PHYS 354.001 – Quantum Mechanics, Weirdness, and Reality*
Instructors: John T. Roberts and Jonathan Engel. This course meets MWF 12:00 – 12:50 p.m. in PH 265.
*This is an interdisciplinary course designed to be co-taught by a physics professor and a philosophy professor. Our intention is to request that it be cross-listed, but there is presently a moratorium on requests for new cross-listing. Students who take this course and want to use it toward their philosophy major or minor may do so; it will be treated as if it were numbered “PHIL 354.”
This is an introductory course on the weirdness in quantum mechanics and the philosophical problem of interpreting the theory. Quantum mechanics is perhaps the most empirically successful scientific theory yet produced, but it has strange implications and poses serious puzzles about what it means. This course is designed as an introduction to the weird phenomena and to the problem of distilling from the theory a coherent account of what the world is like. The course has no specific prerequisites, but it is best suited for students who have either taken an introductory physics course or at least one course in philosophy other than logic. A certain amount of mathematical facility is important: Students should be comfortable with algebra and basic probability theory; courses in calculus would be helpful though aren’t strictly necessary.

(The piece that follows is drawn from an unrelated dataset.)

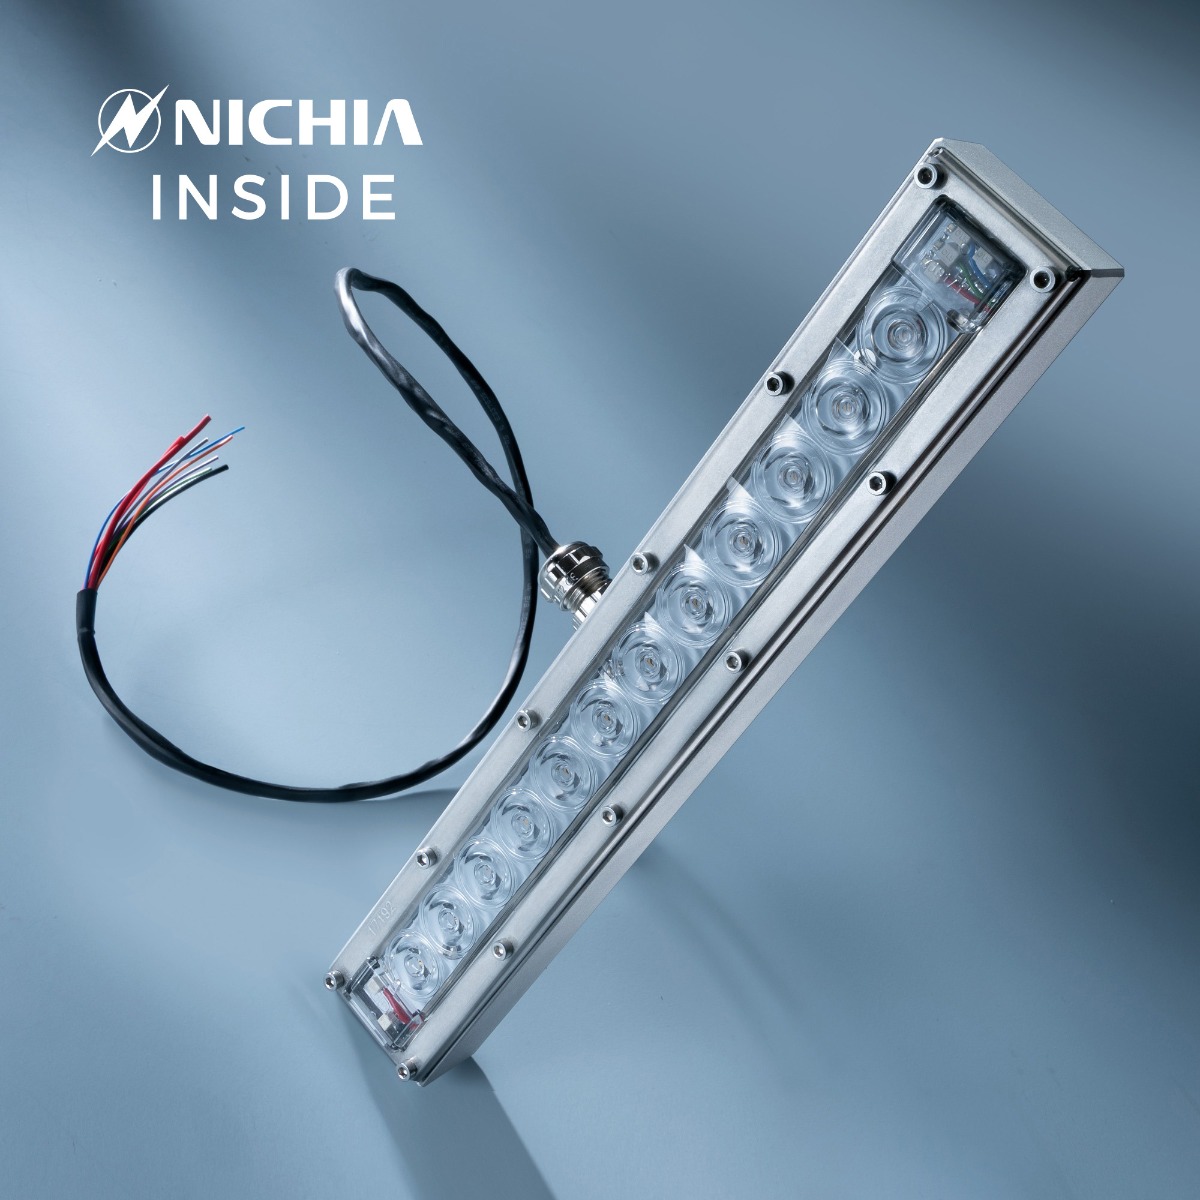 Módulo LED Nichia UVC violeta 280nm 12 LED NCSU334B 630mW 29cm 48VDC IP67 con controlador incluido, para desinfección y esterilización

Topics covered will include the basic formalism of quantum mechanics in Dirac’s notation, the Copenhagen interpretation, entangled states and nonlocality, experiments with single atoms and photons, the “quantum bomb factory” and other paradoxes, the measurement problem, so-called “no-hidden-variables theorems,” decoherence theory, the deBroglie/Bohm pilot wave theory, the Everett (“many worlds”) interpretation, and dynamical collapse theories.